Three Headed Beingings have rights also!!!


----------



## fatboy (Jun 28, 2017)

I used to say only in CA.....but my wife works at the University here, in payroll......they have started to be required to ask what "pronoun" they prefer to be addressed by..........sheesh.......smh............


----------



## ADAguy (Jun 28, 2017)

Love it Mark!

Keep them coming


----------



## steveray (Jun 28, 2017)

Did they change the braille too? And where is the ISA?


----------



## mark handler (Jun 28, 2017)

steveray said:


> Did they change the braille too?
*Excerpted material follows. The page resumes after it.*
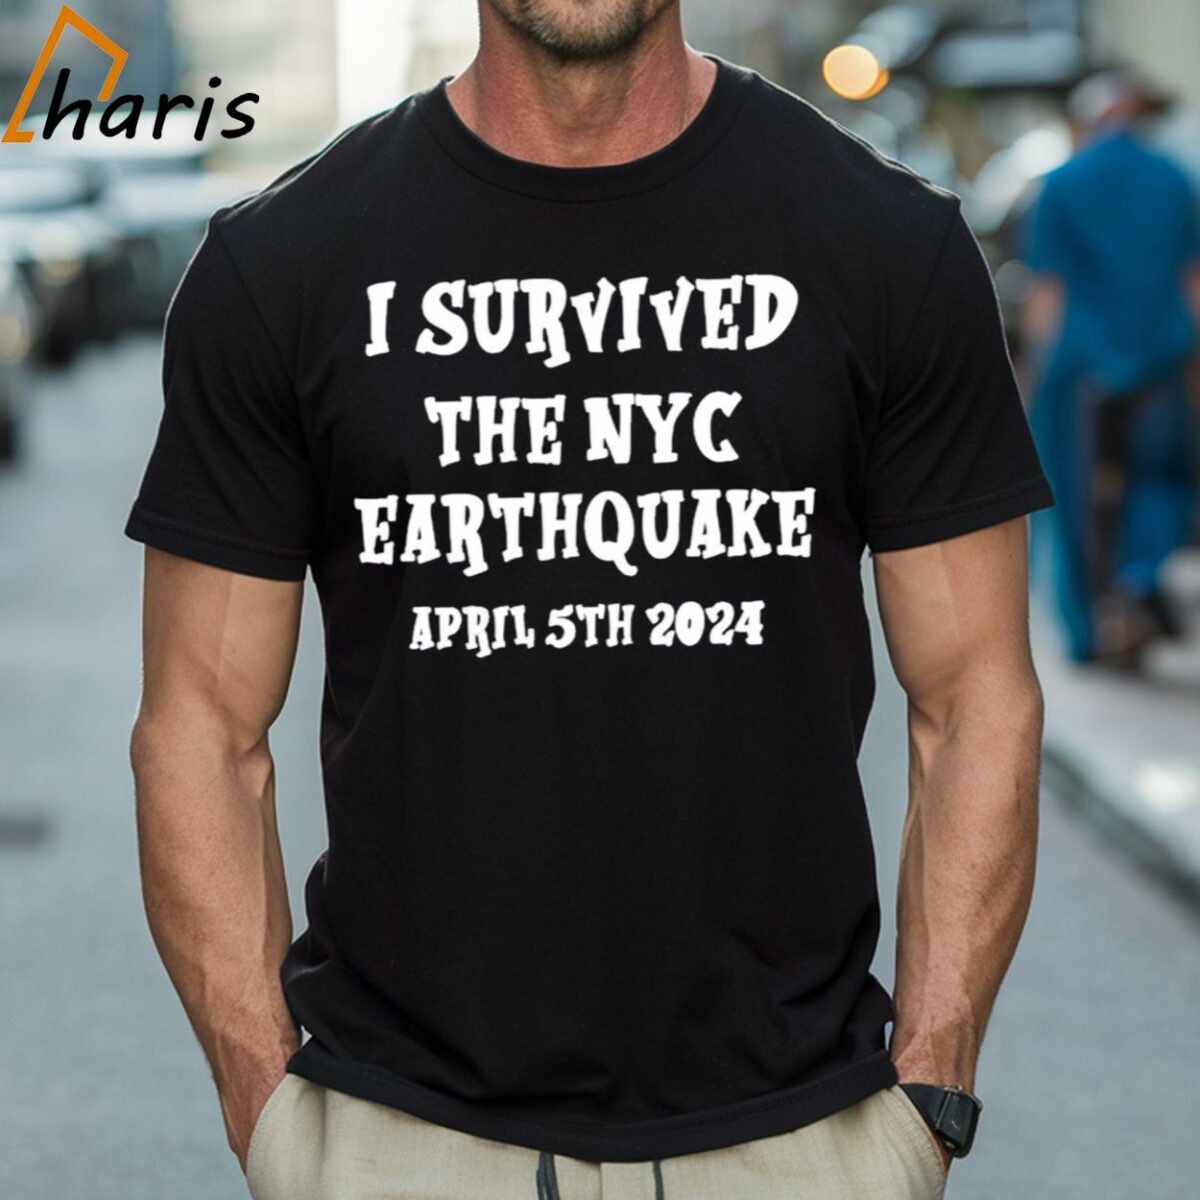 I Survived The NYC Earthquake T shirts 1 Shirt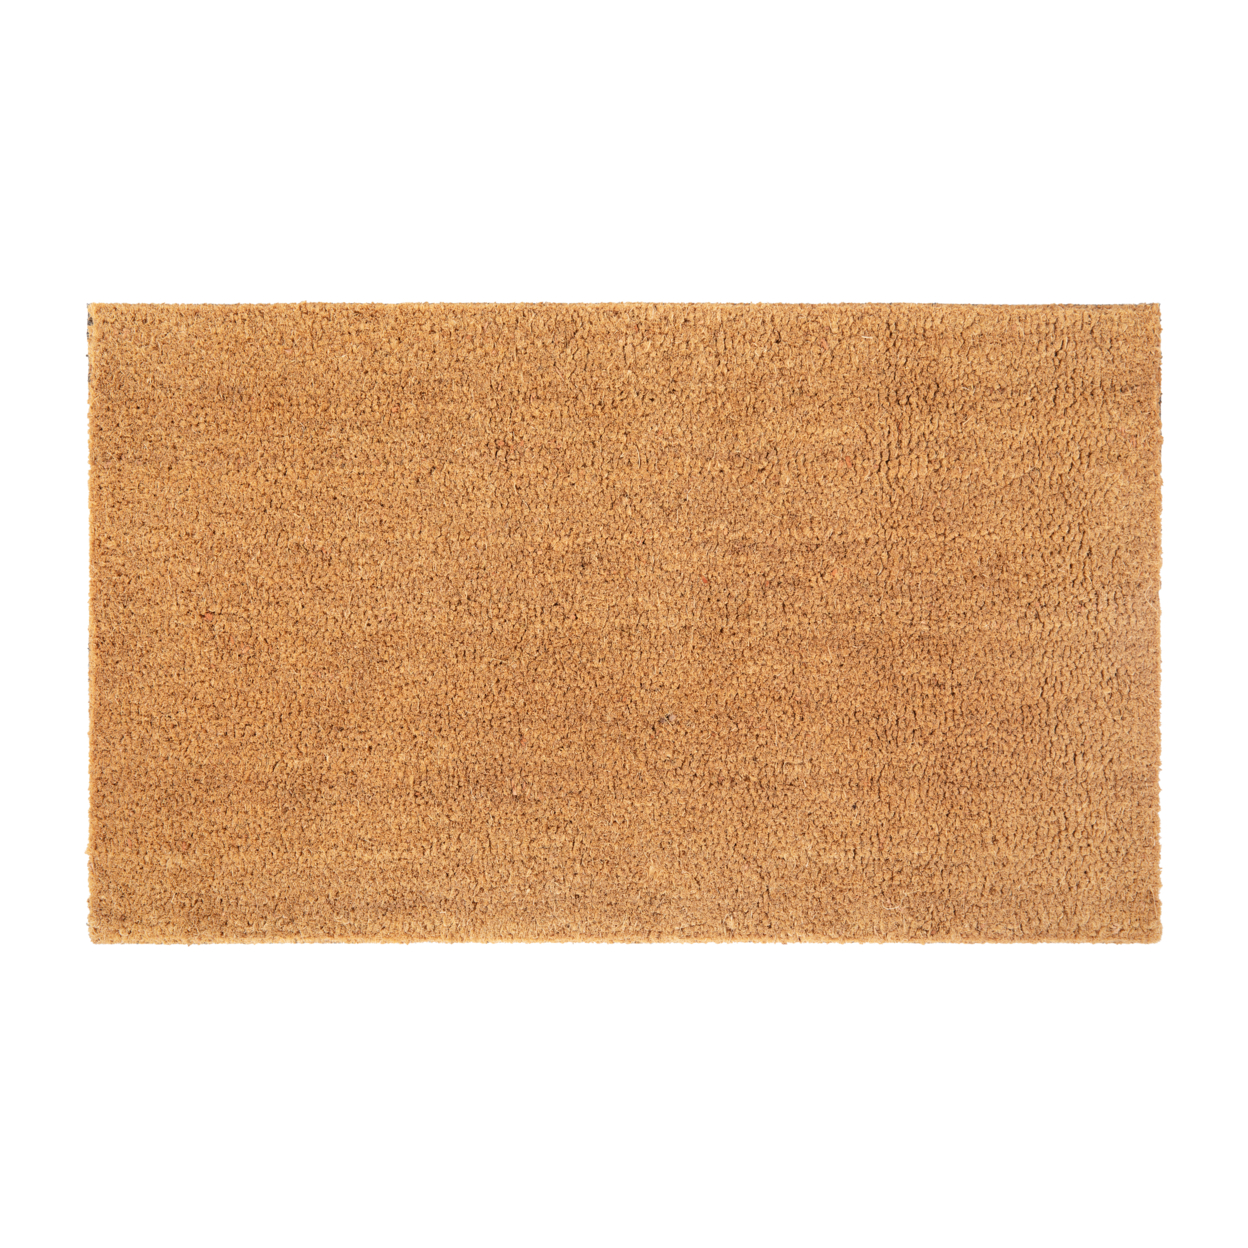 18x30 Natural Coir Doormat

And where is the ISA?


May not be accessible?


----------



## steveray (Jun 28, 2017)

mark handler said:


> May not be accessible?



Certainly looks new enough that it should be and it wouldn't meet the "private office" exception...And that fire extinguisher down the hall looks like a projection >4" over a walking surface too....1003 maybe...?


----------



## ADAguy (Jun 28, 2017)

They don't call you "Eagle Eye" for nothing.


----------



## cda (Jul 2, 2017)

Ok I guess I have to file a lawsuit now.

They did not provide facilities for my "alternative lifestyle dog"


----------



## CityKin (Jul 3, 2017)

What do they have in that room, a litter box?


----------



## cda (Jul 3, 2017)

I will try to remember to look when I go back


----------



## cda (Jul 7, 2017)

The room,

Not even handicapp accessible for the pets


----------



## cda (Aug 4, 2017)

San Antonio has better facilities than COS


http://m.mysanantonio.com/life/pets...or-traveling-dogs-11731579.php#photo-13633255


----------



## Yikes (Aug 4, 2017)

fatboy said:


> I used to say only in CA.....but my wife works at the University here, in payroll......they have started to be required to ask what "pronoun" they prefer to be addressed by..........sheesh.......smh............



My wife teaches at a private college in CA, but it's the same thing.  I told her that when H.R. asks her to pick a pronoun, any pronoun,  she should insist on being addressed as "Dean" or perhaps "President".

Most of her students are from Asian countries, and when she (as required by policy) asks each student to pick their gender pronoun for this year, most of them cannot even comprehend the question - - as if it's coming from an alternate universe.
Which it is, IMO.


----------